Research, evaluation, analysis

Getting Your Percentage

Percentages are probably the most commonly used descriptive statistic today, so here are a couple of pointers for using them.

Like many others, I was trained not to use percentages if they were based on a sample of fewer than 100. So, for example, if 20 of 40 people were men, you were not supposed to say that 50% were men. There are some sensible reasons for this prohibition. One is that when you are talking about a small sample, a difference of one or two cases can produce a deceptively large difference in percentages. For example, 60% of women students may pass a test while only 40% of men students pass it. However, if only five men and five women took the test, this difference is less impressive than it appears at first glance.

Instead of reporting percentages of a sample of fewer than a hundred cases I often will give an approximate fraction "about a quarter" is often as accurate an estimate as 27%, say. Nevertheless, a percentage is sometimes the most convenient and accurate statistic even when the sample is smaller than a hundred cases; when it is I always report the size of the sample.

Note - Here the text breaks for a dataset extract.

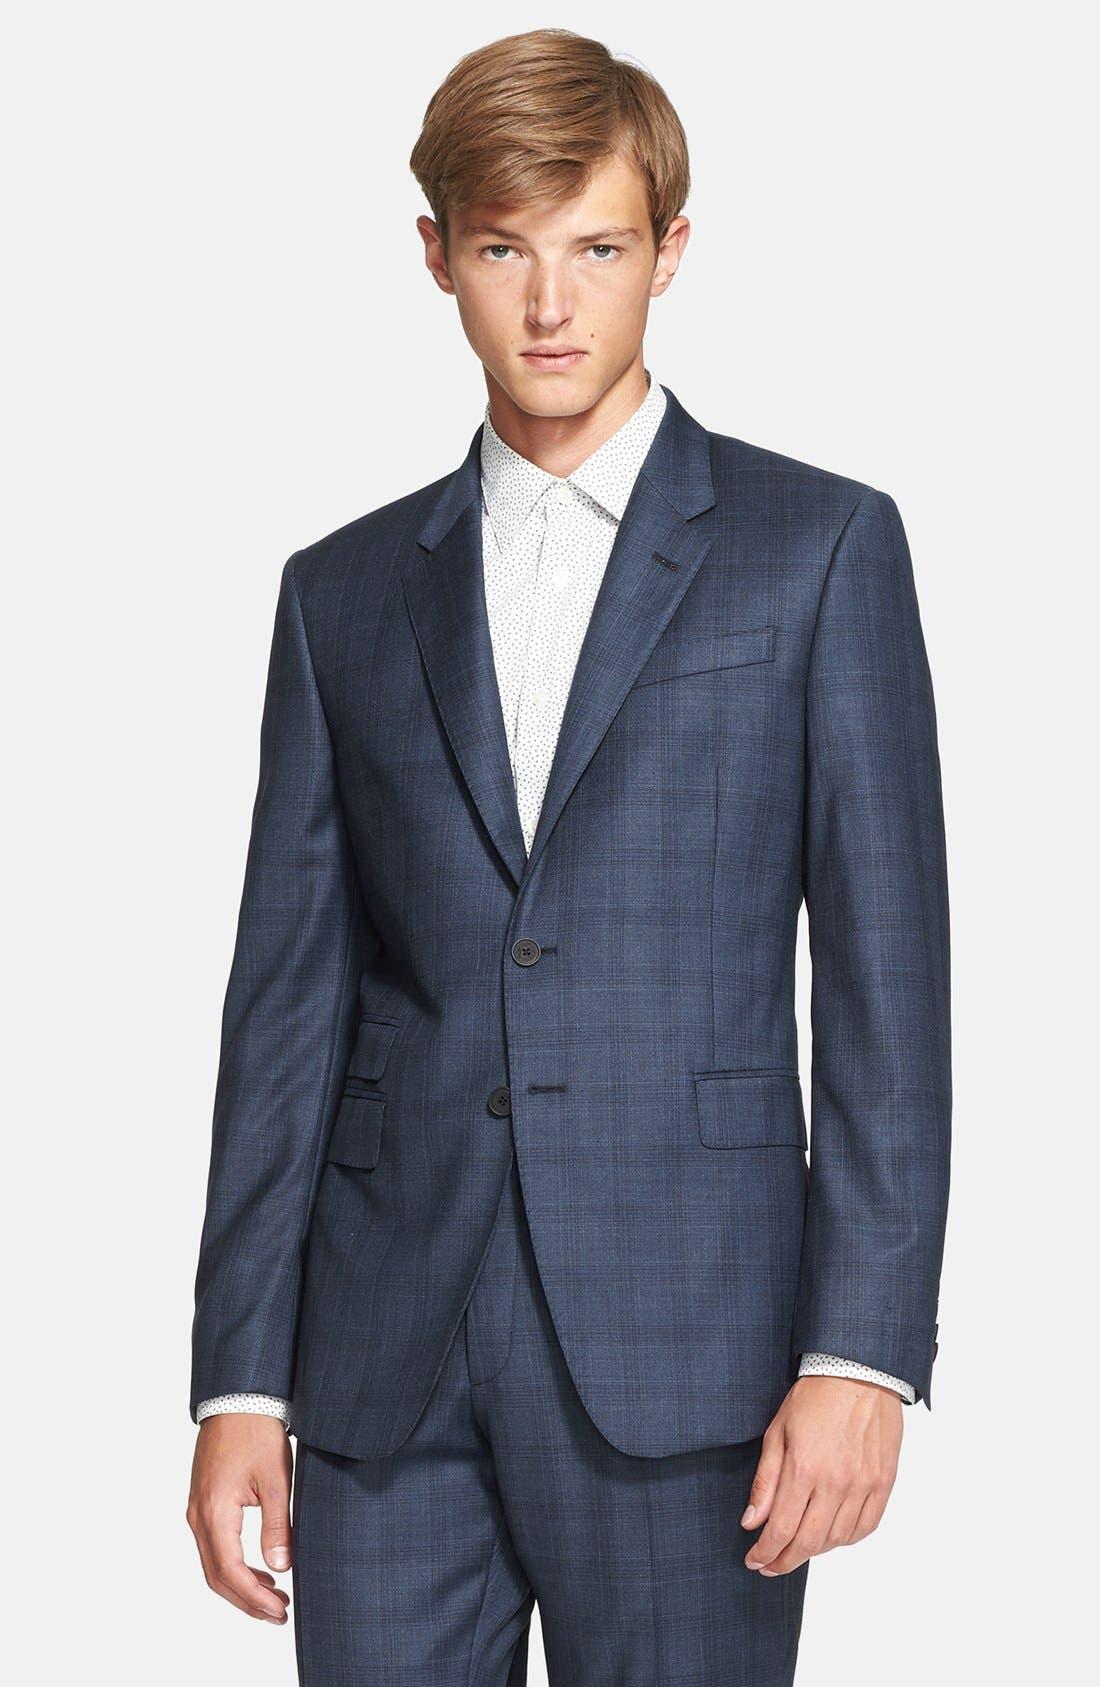 'Byard' Trim Fit Plaid Suit,                             Alternate thumbnail 2, color,                             414

Percentages are often presented with one or even two decimal places. For example, if 501 of a sample of 1,000 people were men, the percentage might be given as 50.1%. I abstain from this practice chiefly because I believe it gives a false impression of accuracy. In the example the estimate of 50.1% has the same confidence interval as the percentage of 50% we would get by rounding. Both imply that there is a 99% chance that the percentage in the population is somewhere between 46% and 54%. I suppose whether or not you use decimal places could be considered a matter of taste (and occasionally of significant figures), but why add a decimal place or two when that doesn't improve the accuracy of your estimate?